5 vakit namazı vakitlerinde kılmalıdır. Farzlarına, vâciblerine, sünnetlerine riâyet ederek, hepsinin hakkını vererek kılmalıdır. Namazlarını vaktinde kılmayanlar hakkında şiddetli tehdîdler vârid olmuştur. Çok sıkısık durumlarda bile namazı te’hir etmemelidir. Meselâ doğum sancıları ânında, hâmile kadın namazı terk etmemeli, normal şekilde kılamazsa, oturup îmâ ile kılmağa çalışmalıdır. Bunun gibi örtünecek elbisesi olmı- yan çıplak kimse namazını oturarak îmâ ile kılmalıdır. Suda boğulmakta olan kimse aklı başında ise bâzı âlimlere göre tutunacak ot gibi bir şey bulabilirse ona tutunup îmâ ile kılar, namazı geciktirmesi mubah olmaz. Eğer namazı erteleyip de vakit çıktıktan sonra ölürse o namazdan sorumlu olarak Allahü teâlâ’nın huzuruna gider. Eğer tutunacak bir şey bulamazsa ertelemesi mubâh olur. Bâzı âlimlere göre de, o kimsenin yüzerek îmâ ile namaz kılması gerekir, te’hîri mubâh olmaz. Eğer bunu yapmaz da vakit çıkar ve ölürse, namaz, üzerine borç olur. Hasta ve korku namazlarının dînimizde belli, özel durumları vardır. Resûlullah (sallâllahü aleyhi ve sellem): «Farz namazları vakitlerinde kılmağa devam eden kimseye bu namazlar burhan, nûr ve Cehennem ateşinden kurtuluş olur» bu yurmuştur. Buraya kadar Ravdatü’l-ulemâ’dan alındı.

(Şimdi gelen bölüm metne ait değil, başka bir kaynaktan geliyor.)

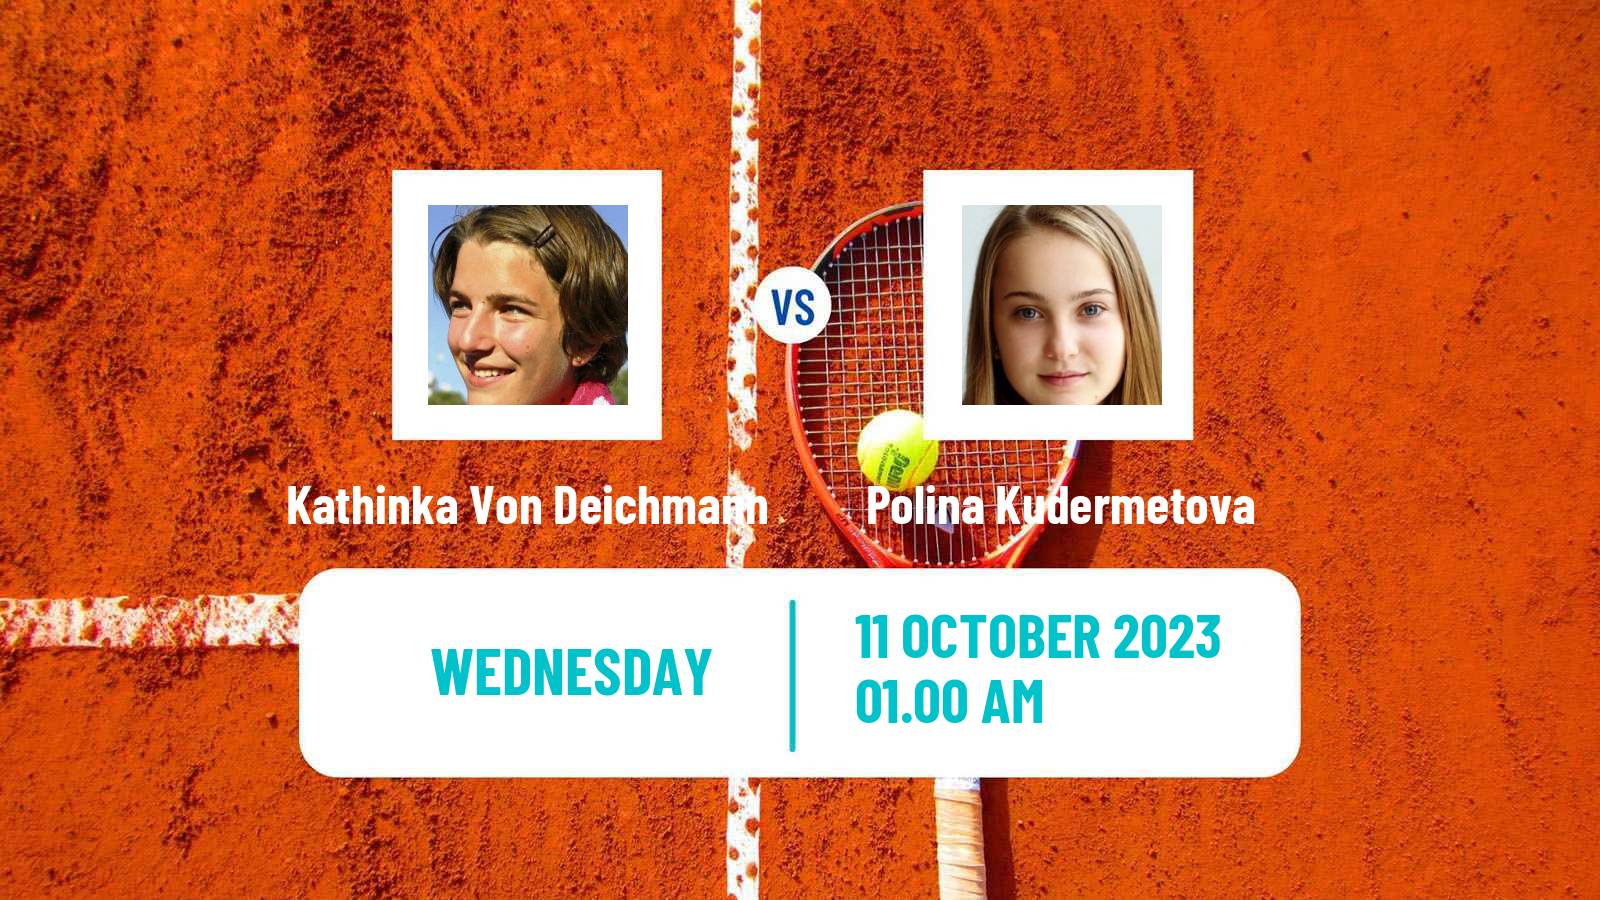 Tennis WTA Seoul Kathinka Von Deichmann - Polina Kudermetova

Nisab mikdarı malı olanın, şartlarına uygun olarak, vaktinde zekâtını vermesi farzdır. Buna böylece inanmalıdır. Resûlullah (sallâllahü aleyhi ve sellem): «Zekâtı olmayanın namazı da yoktur» buyurdu. Mûsâ (aleyhisselâm) bir gencin çok güzel namaz kıldığını görüp hayret etti. Seneler sonra o genç ile bir daha karşılaşıp aynı şekilde güzel namaz kıldığını görünce- «Namazını bu gençten daha güzel kılan kimse görmedim» buyurdu. Allahü teâlâ vahy ile bildirdi ki: Yâ Mûsâ! Zekâtını vermedikçe onun namazı işe yaramaz. Namaz ve zekât ikizdir. İkisinden birini, diğeri olmaksızın kabûl etmem. Hâlisatü’l-hakâyık’da böyle yazılıdır.
Ramazân-ı şerîf ayında oruç tutmanın ve gücü yetenin hacca gitmesinin farz olduğuna inanmalıdır. Bunların hepsine kalbi ile inanan ve dili ile söyleyen kimseye mü’min denir. Mü’min Allahü teâlâ’nın fadlı ve keremi ile Cennete girer.

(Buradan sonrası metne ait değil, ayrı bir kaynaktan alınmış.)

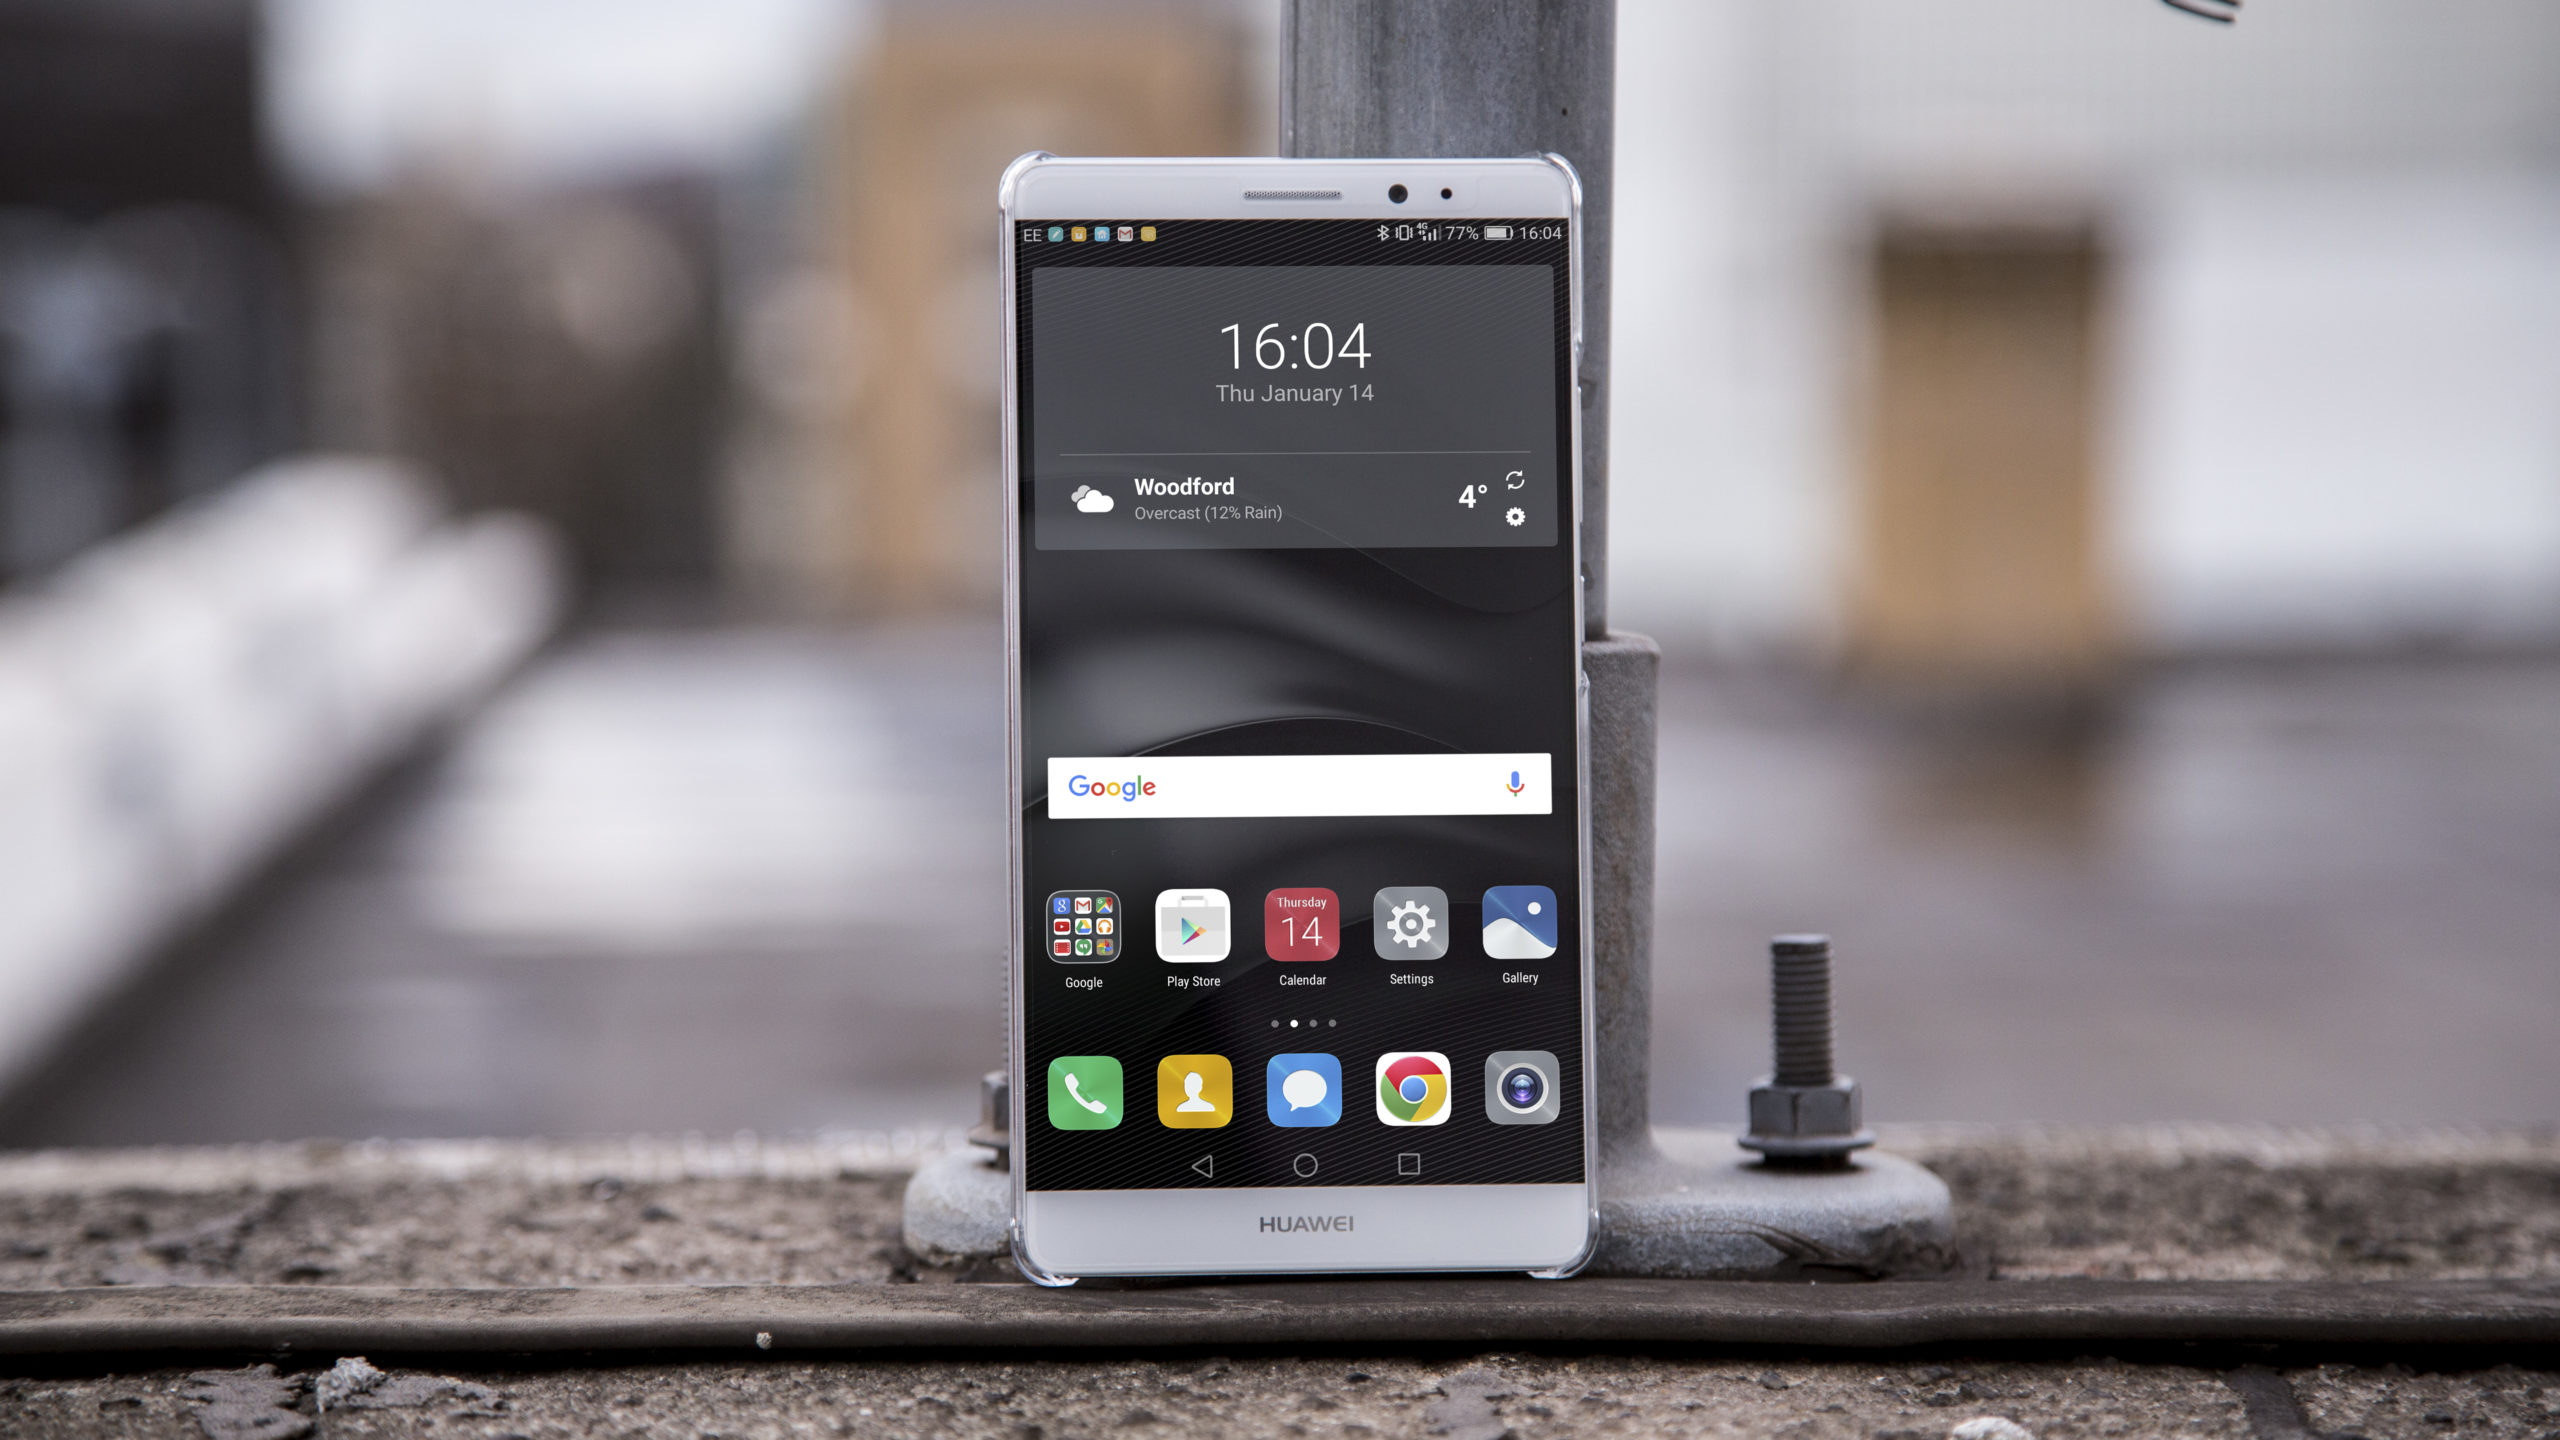 Pellen parachute heuvel Huawei Mate 8 review: A big phone that's almost brilliant

Mü’min günâh işlemekle îmândan çıkmaz. Bu günâh küfürden başka büyük olsun, küçük olsun aynıdır. Dînin temel kurallarını yalanlamak, haramları helâl, helâlleri haram bilmek, dîni aşağı görmek îmândan çıkmağa sebebdir. Günâh işlemekle îmânın hakikati kalbden çıkmaz. Mu’tezile yolunda olanların dediği gibi mü’min günâh işlemekle îmandan çıkmaz. Onlara göre büyük günâh işleydn mü’min de değildir, kâfir de değildir. Böylece îmân ile küfr arasında üçüncü bir derecenin varlığına inanmakdadırlar. Mu’tezileye göre ameller îmandan bir parçadır.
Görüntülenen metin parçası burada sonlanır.